Negative Chain

It is said that the Rust Belt supporters are heavily involved in the birth of President Trump in the United States. During Japan's high-growth period, many have lost their jobs in the manufacturing industry of the United States, which lost competition with the Japanese manufacturing industry. The society that has been built up for generations has collapsed, people have migrated or the vulnerable have been left behind.

In Japan, after the appreciation of the yen and the collapse of the bubble economy, the manufacturing industry moved overseas. The People's Republic of China and ASEAN countries have broken free from subcontracting, and China in particular is becoming the center of the world economy. However, the Chinese economy is also suffering from the trade dispute with the United States initiated by President Trump, and is falling into a situation similar to the collapse of Japan's bubble economy. The transition to the Biden administration has not changed this.

It is truly a chain of misfortune. International companies are looking for cheap labor. It is a good thing that this will lead to the transfer of technology and the growth of industries in the destination country. But what will happen to the unemployed left behind after the withdrawal? There are no easy solutions to the negative aspects of economies of scale, especially in agriculture and manufacturing.

The United States government has designated a trading partner as a currency manipulator to eliminate trade conflicts because it believes that the partner country keeps prices and wages unreasonably low, and Japan and the People's Republic of China Has been criticized. But that is not always the case. That's not the only cause. International corporations only consider selling cheaply, as Mahatma Gandhi opposed in the past colonial rule. Mass production and consumption cause external diseconomies of labor, and international companies that rob jobs are the true enemies of the United States. Their act is a deprivation that abuses the market economy and free trade. If this external diseconomies are left unchecked, it will become more oligopolistic.

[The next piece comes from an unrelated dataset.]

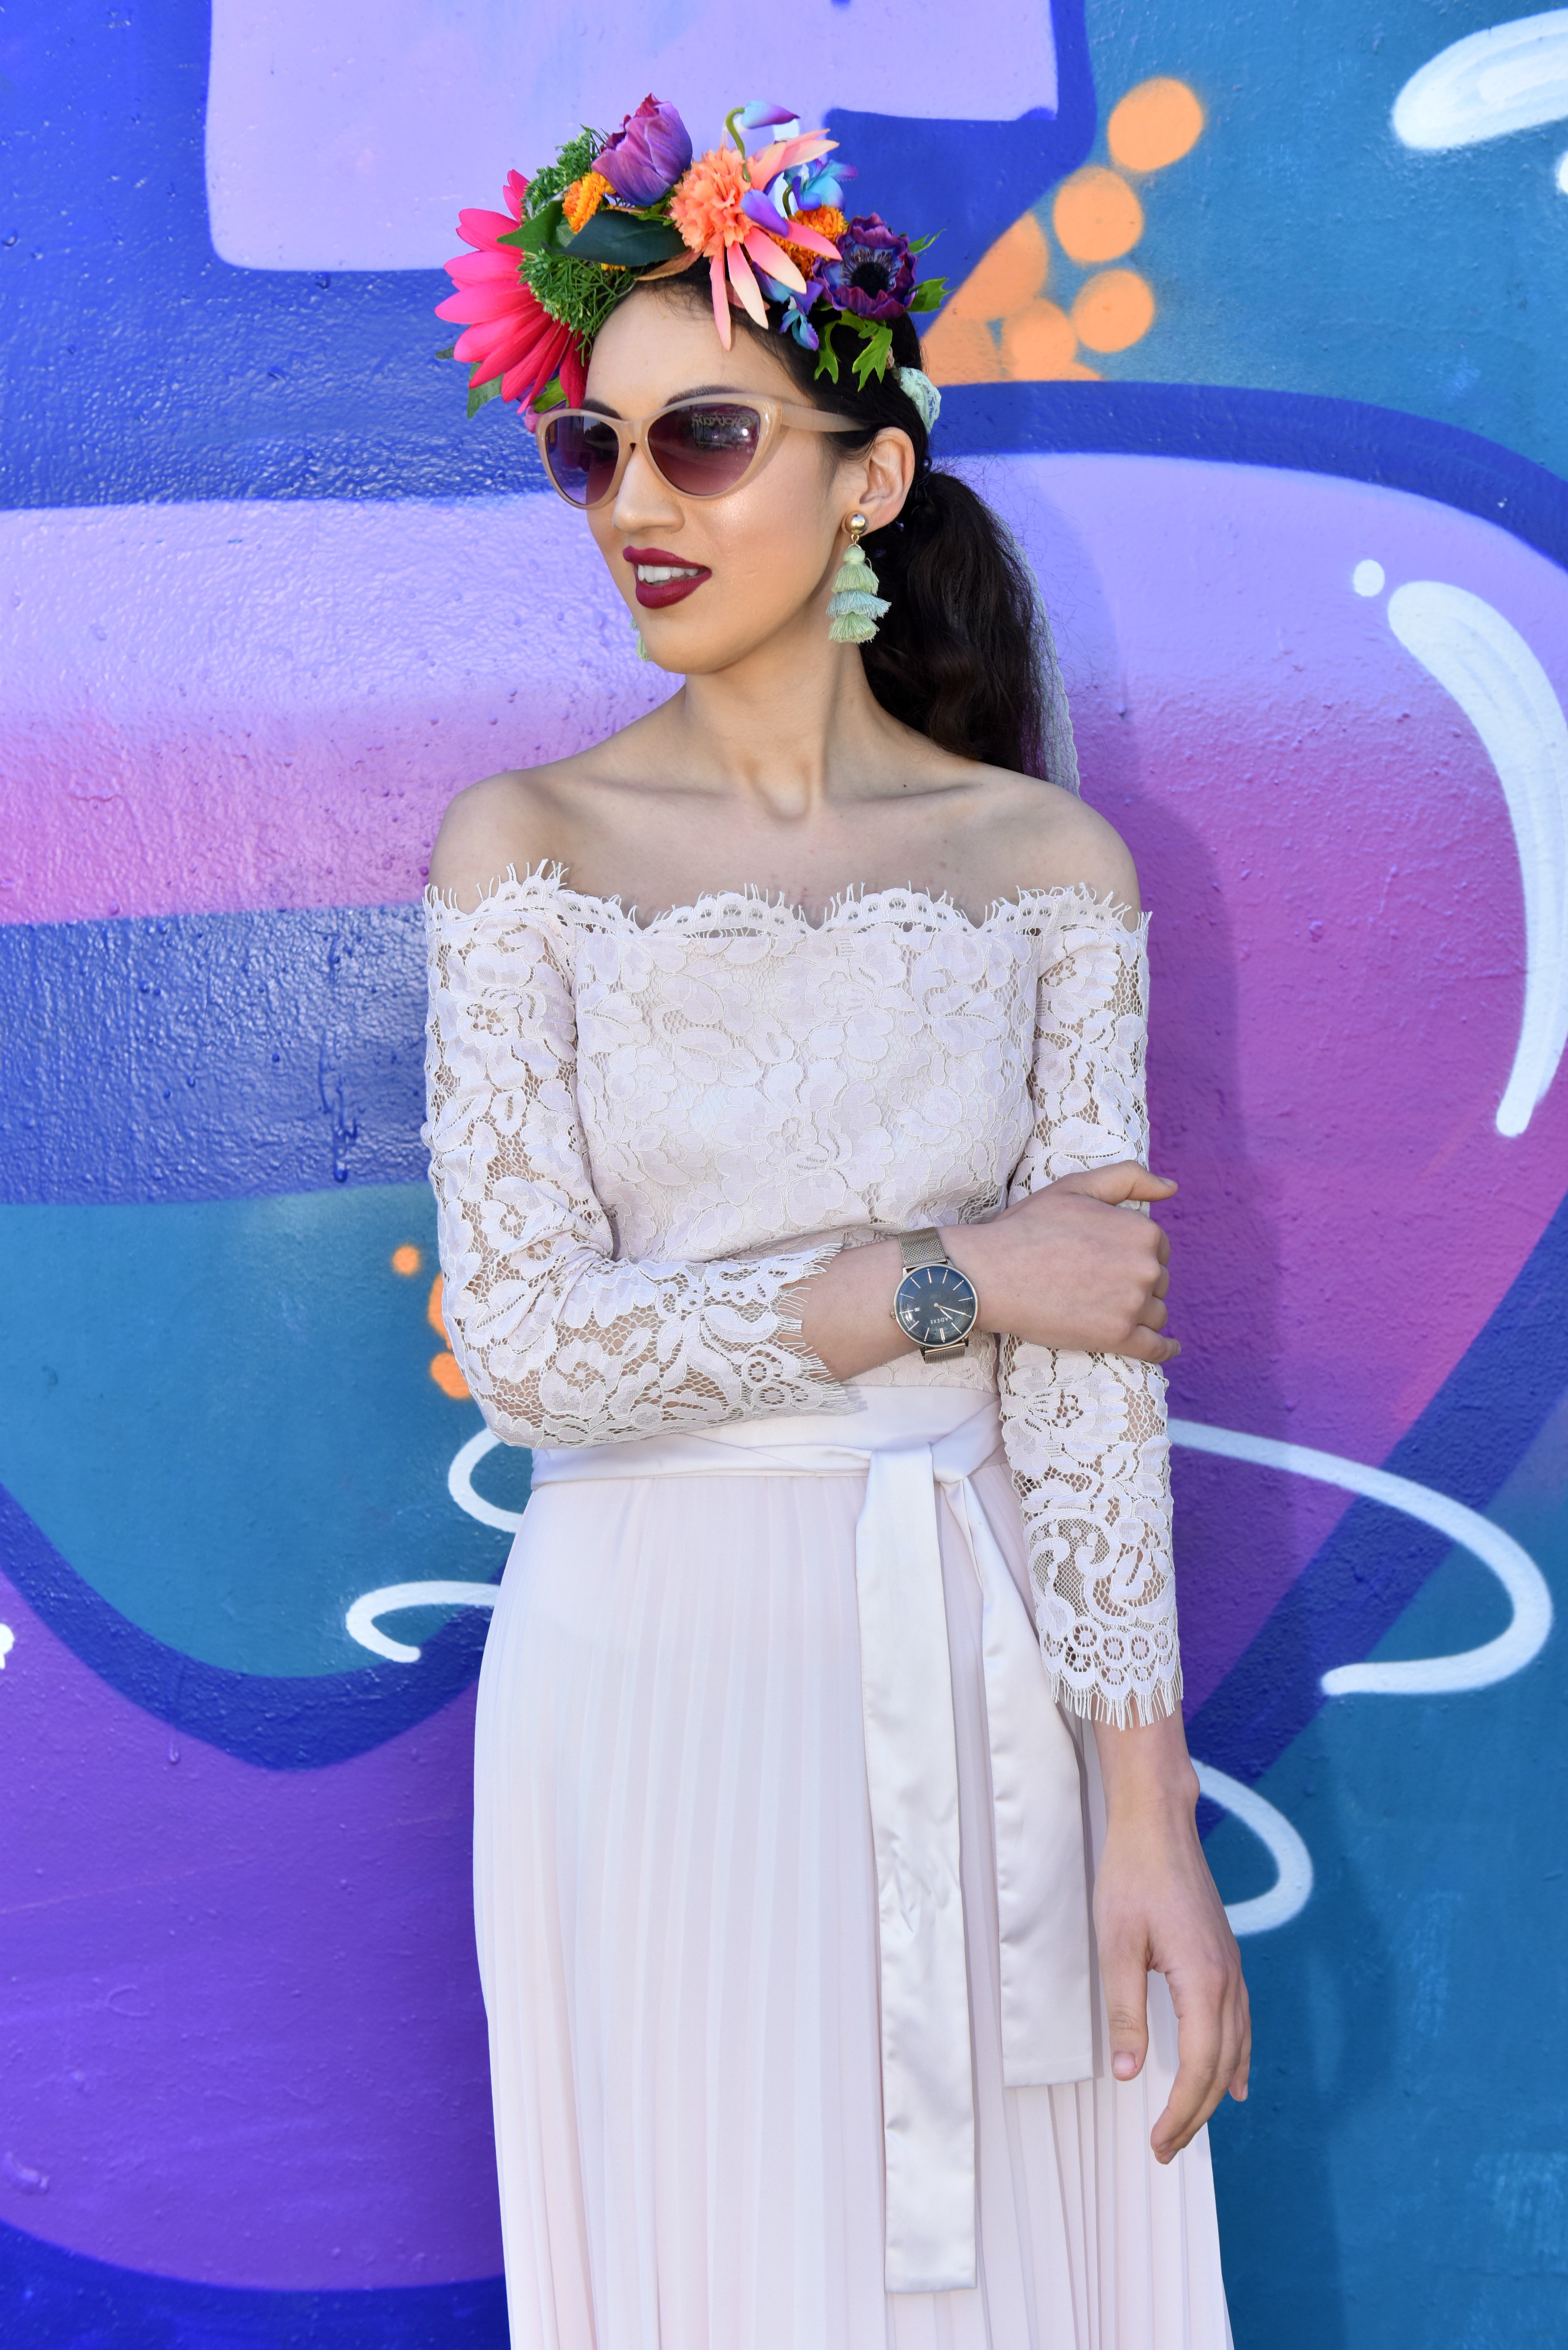  <img src="ana.jpg" alt="ana pink tinted sunglasses new look how to style a bridesmaid dress"/>

Importing from countries with undeveloped Labor Standards Act, not just in the United States, is a poor import. Cheap prices and low wages will eventually close the gap, but if a company moves its manufacturing base to a country where workers are not protected by law, the workers in that country will be unhappy. The press emphasizes low prices and wages, but in reality, disposable workers, such as migrant workers in the People's Republic of China, are being sacrificed. In such cases, tariffs on under-lawed countries should be strengthened or sanctions should be imposed on international companies to promote the protection of workers. In free trade, lower tariff rates are better, but should we do so to the unhappiness of domestic and foreign workers?

In fact, imposing tariffs would be difficult because, like environmental tariffs, retaliatory tariffs would be imposed. If that is the case, how about certifying international companies that are environmentally friendly and operate under good working conditions, like the certification in which Nestle participates,[2][3] and giving them preferential treatment in terms of tariff rates? This would allow us to operate without changing the existing tax rates. If we set up a certification system based on the Sustainable Development Goals (SDGs) of the United Nations, and give preferential treatment to certified companies in terms of tariff rates and corporate tax rates in order to internalize the external diseconomies of international companies, inequity will be reduced. It is the scoring of external diseconomies.

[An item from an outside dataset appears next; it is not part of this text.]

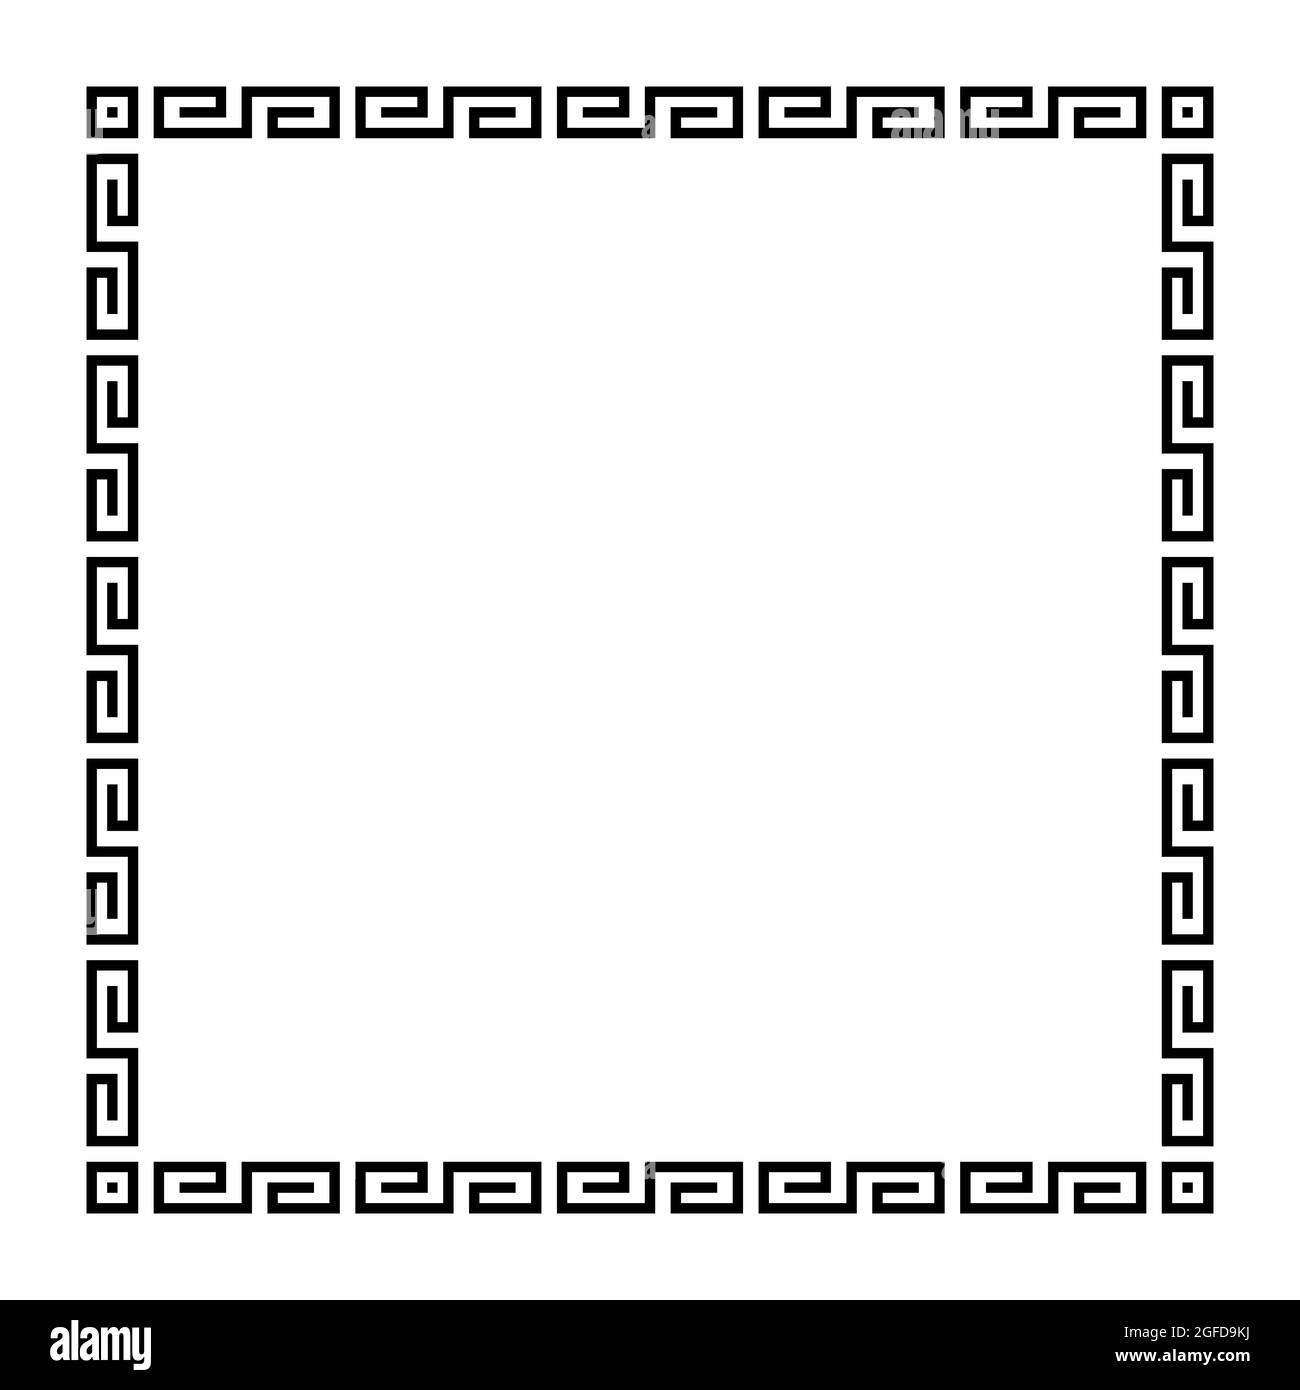 https://c8.alamy.com/comp/2GFD9KJ/meander-square-with-simple-meander-pattern-square-frame-and-decorative-border-made-of-angular-spirals-shaped-into-a-seamless-motif-greek-key-2GFD9KJ.jpg

NHK aired a BS1 special, Learning from Shibusawa Eiichi: SDGs for a Sustainable Economy, on April 3, 2021, in connection with the historical drama, Seiten wo Tsuke (Reach Beyond the Blue Sky). In the program, the efforts of companies that Shibusawa was involved in management were introduced. Market forces are truly the law of the jungle or The weak are meat, and the strong do eat. Market forces are so strict that external diseconomies are created. The tax system should favor companies that contribute to society.

It has been a long time since people talked about the hollowing out of industry. Japan's manufacturing industry has moved overseas, even to subcontractors, but has any industry developed to absorb the lost jobs? The same can be said for the Rust Belt of the United States, which lost out to Japan. There is a stark difference between the area where programmers actively established themselves and revitalized the economy, and the area depicted in the movie NOMADLAND. The only way to bring back the liveliness to a place that has lost the competition is to support business startups.